The cooperation project between the DA and the EFF was threatening to collapse in Tshwane, coming just a few months after things failed to work out in a similar arrangement at Nelson Mandela Bay in Port Elizabeth.

The DA took control of three metros, including Johannesburg, with the help of the EFF and other smaller parties after the ANC failed to achieve a majority vote in the 2016 municipal elections.

EFF leader Julius Malema Picture: Supplied

Last week, EFF leader Julius Malema dropped a bombshell that the party was gunning to unseat the DA in Tshwane by June, but said Mashaba was safe.

“Even if the DA fires him, they will personally give him a red cap,” said Malema during a gala dinner on the eve of the EFF’s manifesto launch in Tshwane.

He said he admired Mashaba because he was independent and where he disagreed with the DA he was not afraid to take a different view if it meant the outcome would deliver the necessary change.

However, Mashaba said that he “found DA leadership to be supportive” and “willing to be engaged on different approaches to addressing our challenges”.
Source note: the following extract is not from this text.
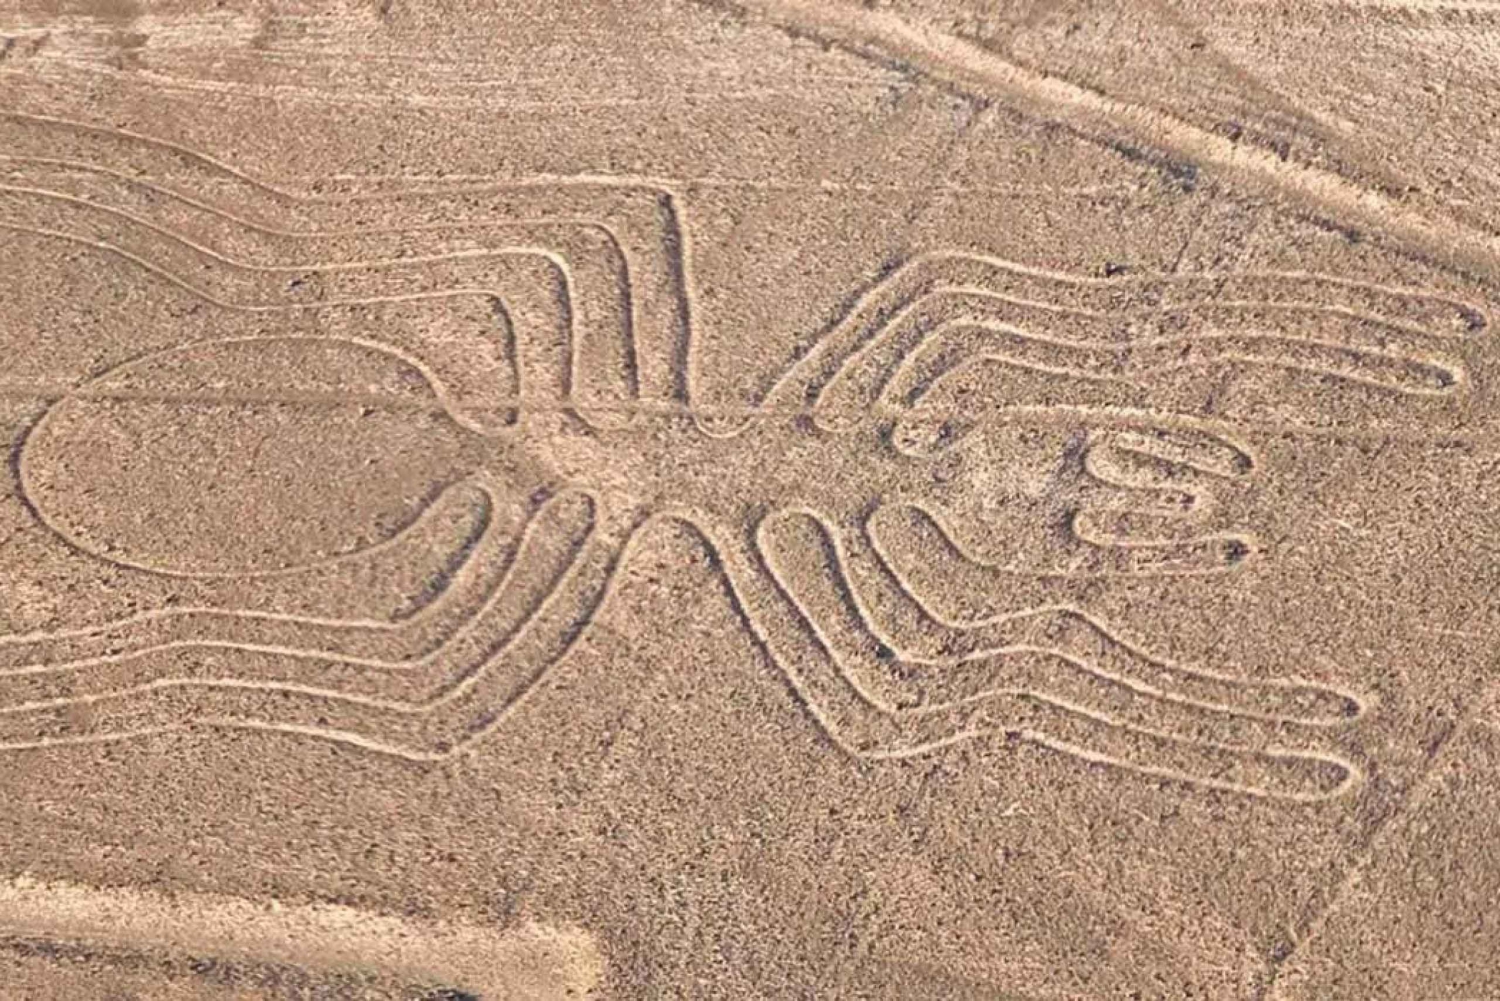 Passeio de avião pelas Linhas de Nazca

“I lead a multiparty government. This requires me to ensure that the solutions brought by all parties in our arrangement form part of our plans to address the lived realities of the people of Johannesburg.”

However, DA insiders said Mashaba was “overappeasing the EFF” just to be safe.

“It is about power for him. It is all about staying in the game,” said a councillor.

The councillor said EFF-connected people were also benefitting from the relationship through employment and municipal contracts.

They said even if some in the DA were not happy with Mashaba, they were stuck with him because any other candidate they could wish for was unlikely to get the support of the EFF.

A DA leader said there were some DA caucus members who were not happy with Mashaba’s style of leadership.

A national DA leader hinted Mashaba had enemies within the party because he was “not a politician”, but someone from a business background and therefore “he is very straightforward”.

As a result, Mashaba did not even run the DA caucus in the city and the role was delegated to Funzela Ngobeni, a member of the mayoral committee of finance.

“Ngobeni is an old hand in the DA and the caucus. Mashaba’s core is to run the administration of the city,” the insider said.

DA federal executive chairperson James Selfe played down the suggestion that Mashaba was alienating himself from the DA and moving closer to the EFF.

“Mayor Mashaba is implementing the DA’s 2016 manifesto and he has made enormous progress in rooting out corruption and improving service delivery, along with our formal coalition partners,” Selfe said.

He denied that the DA caucus was not fully behind Mashaba.

“Together they are working to turn around years of ANC corruption, mismanagement and neglect.”

Mashaba said “councillors represent political parties, and carry that mandate and value set into our work”.

He said the future of South Africa was in coalition government, particularly in an environment where no single party enjoyed dominance like the ANC did over the past 25 years.

“We are forced to find common ground and work together in the interest of voters. It is with that attitude in mind that I have approached the multiparty government in Johannesburg and I believe the progress we are making is evidence that parties can work together in the interest of change,” said Mashaba.